◆ **What is required**: Your task is to copy the listing exactly, with the pictures left out.

◆ **Supplied material**:
* * *
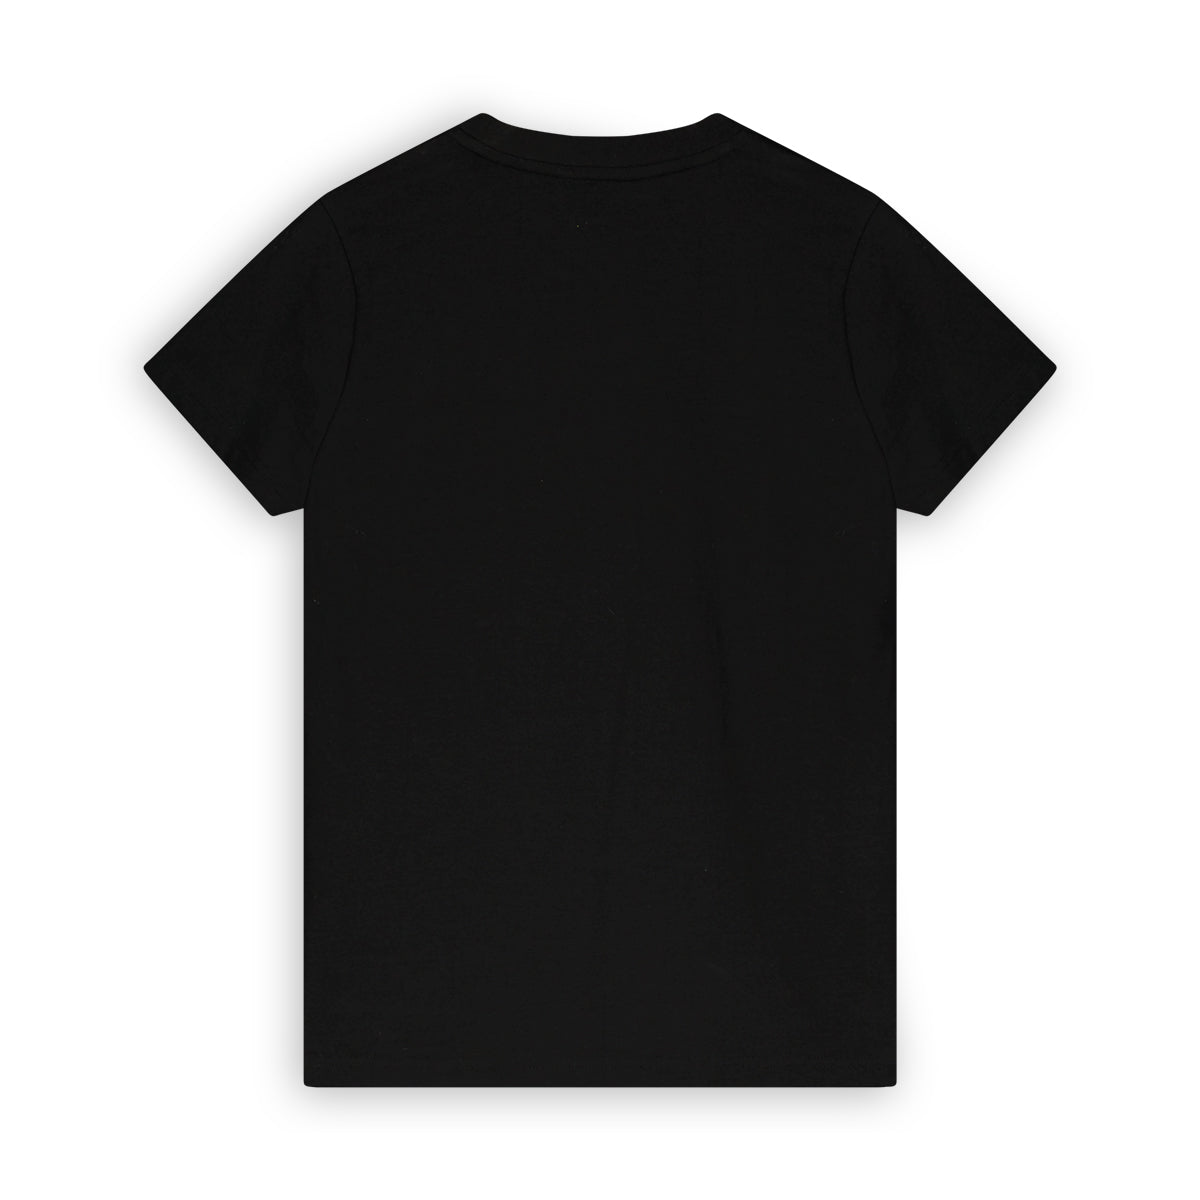 Selim T-shirt Black2
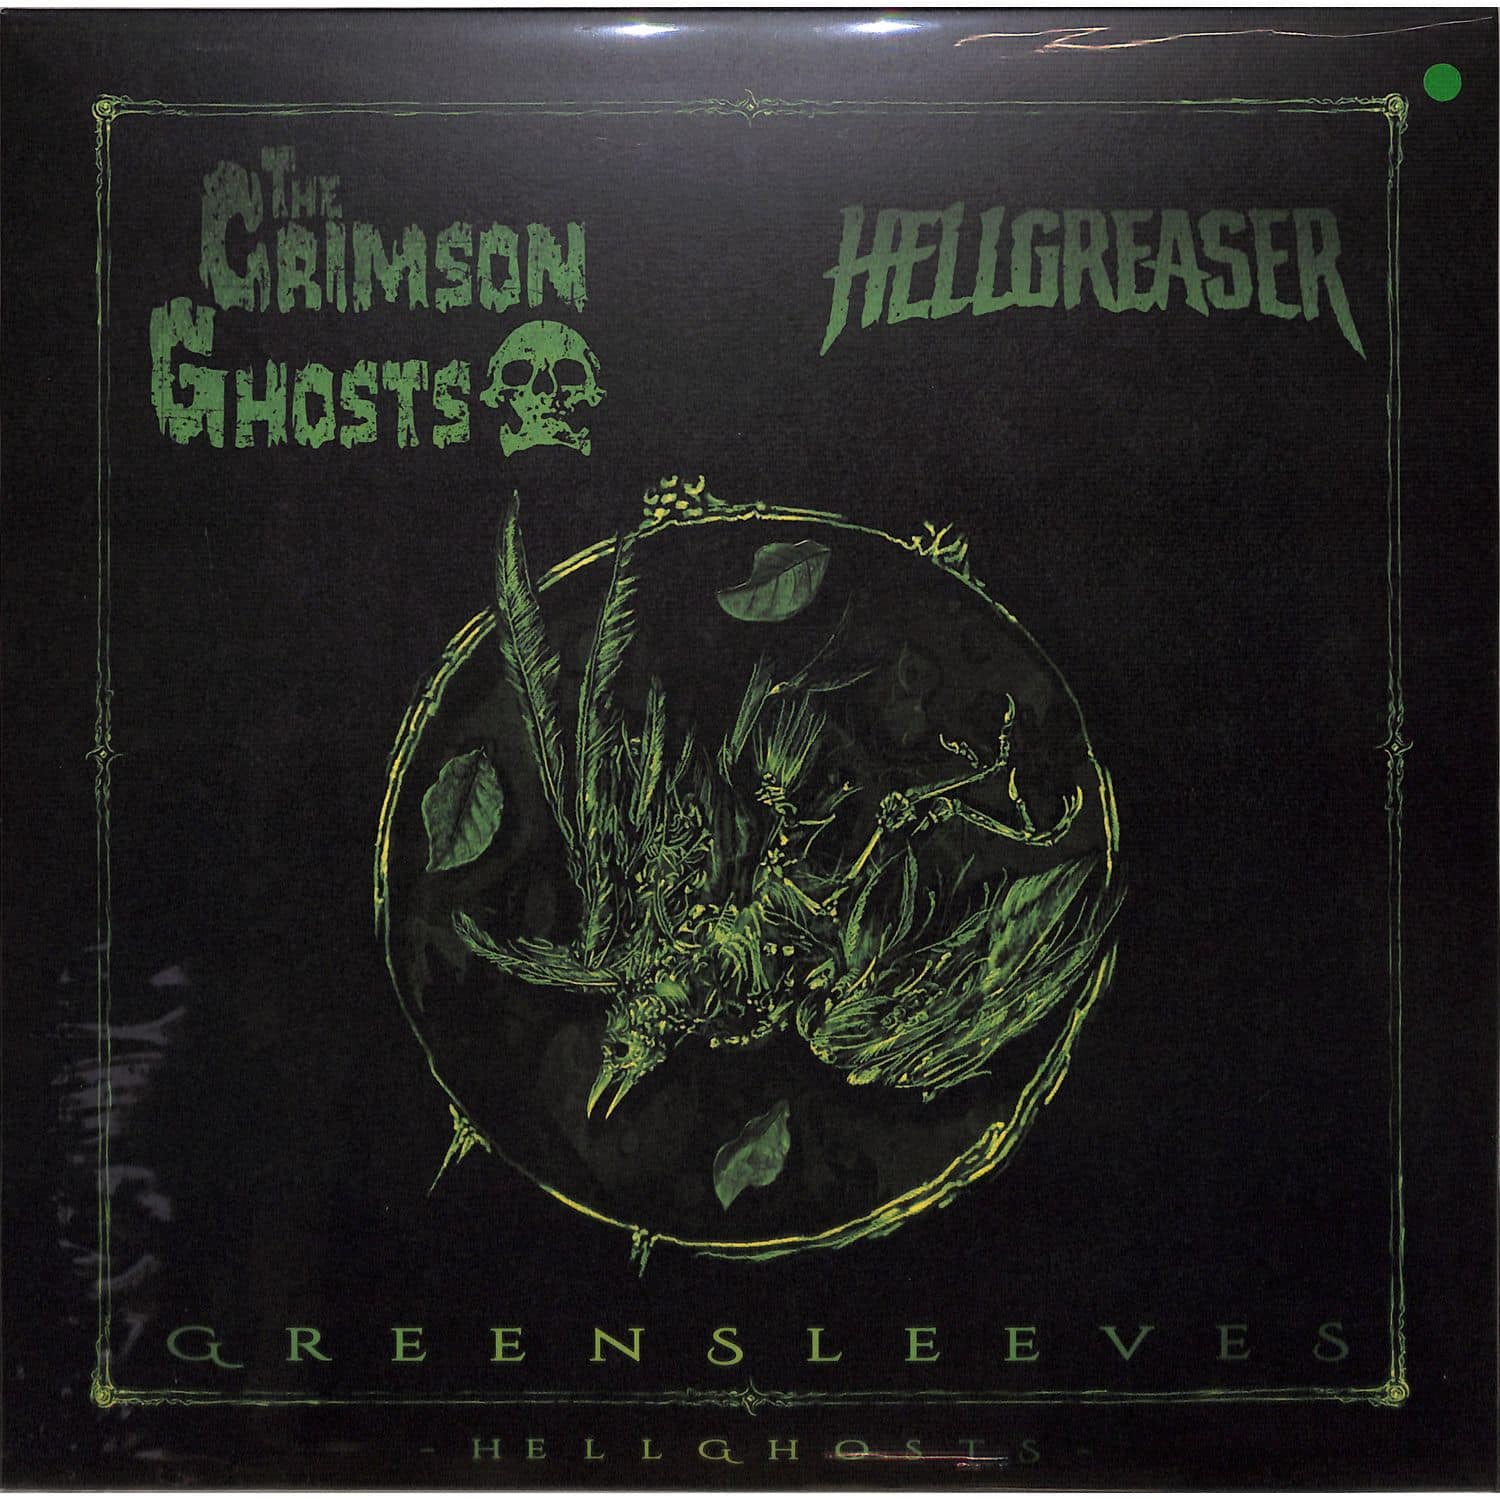 Hellgreaser/the Crimson Ghosts - GREENSLEEVES 
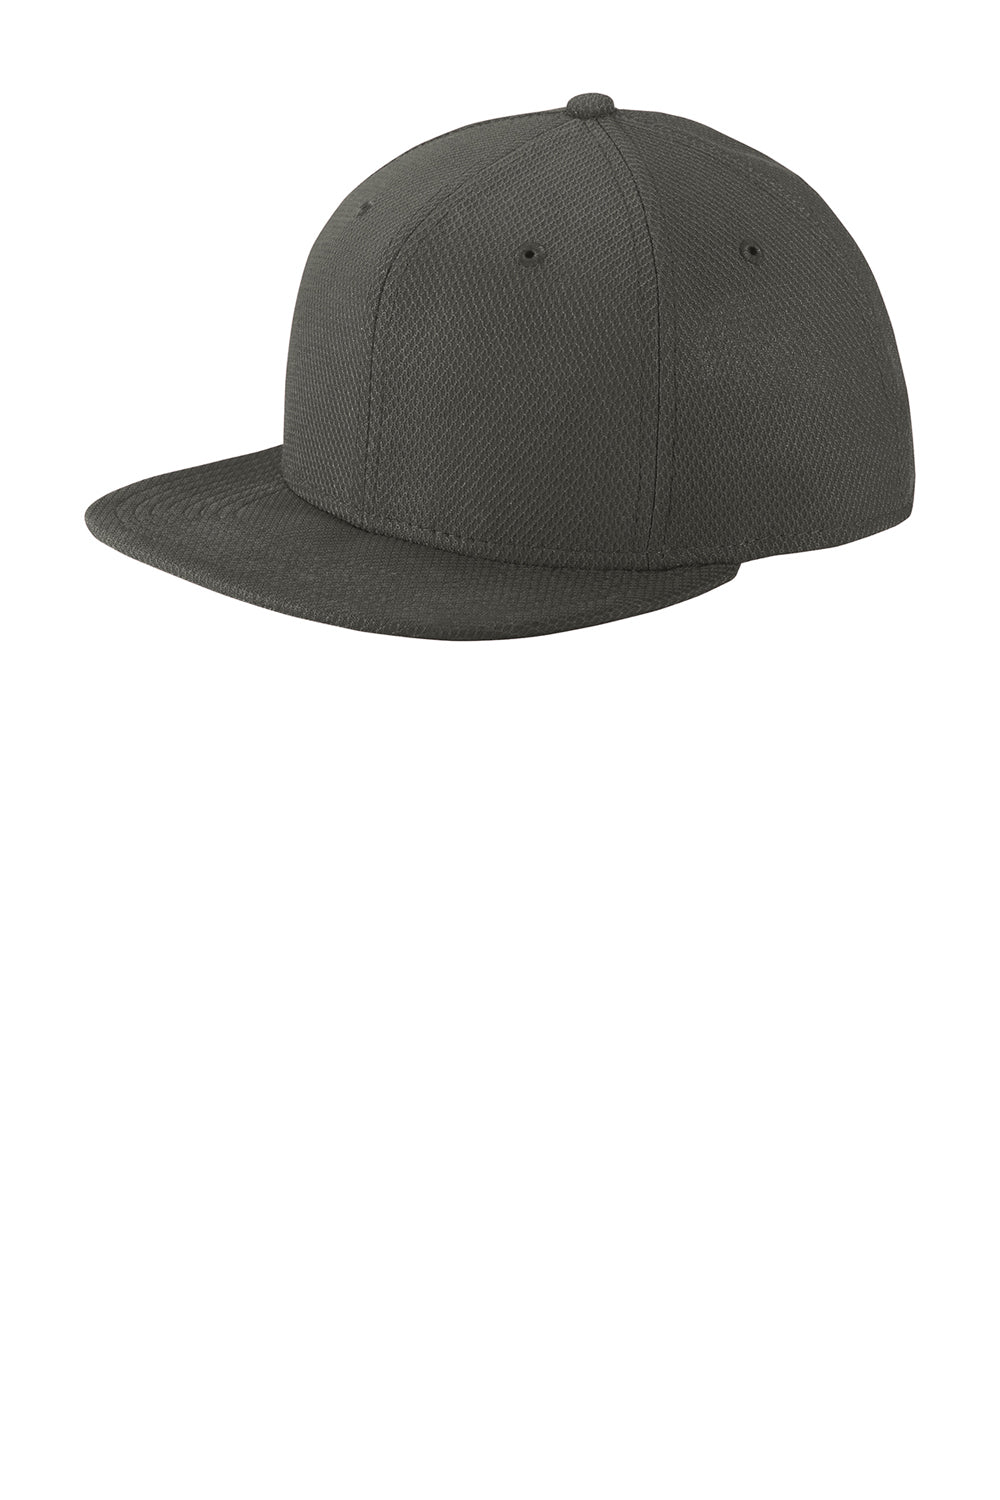 New Era NE404 Mens Moisture Wicking Adjustable Hat Graphite Grey Front
* * *
◆ **Response for this exercise**:
 Selim T-shirt Black2
 Hellgreaser/the Crimson Ghosts - GREENSLEEVES 
 New Era NE404 Mens Moisture Wicking Adjustable Hat Graphite Grey Front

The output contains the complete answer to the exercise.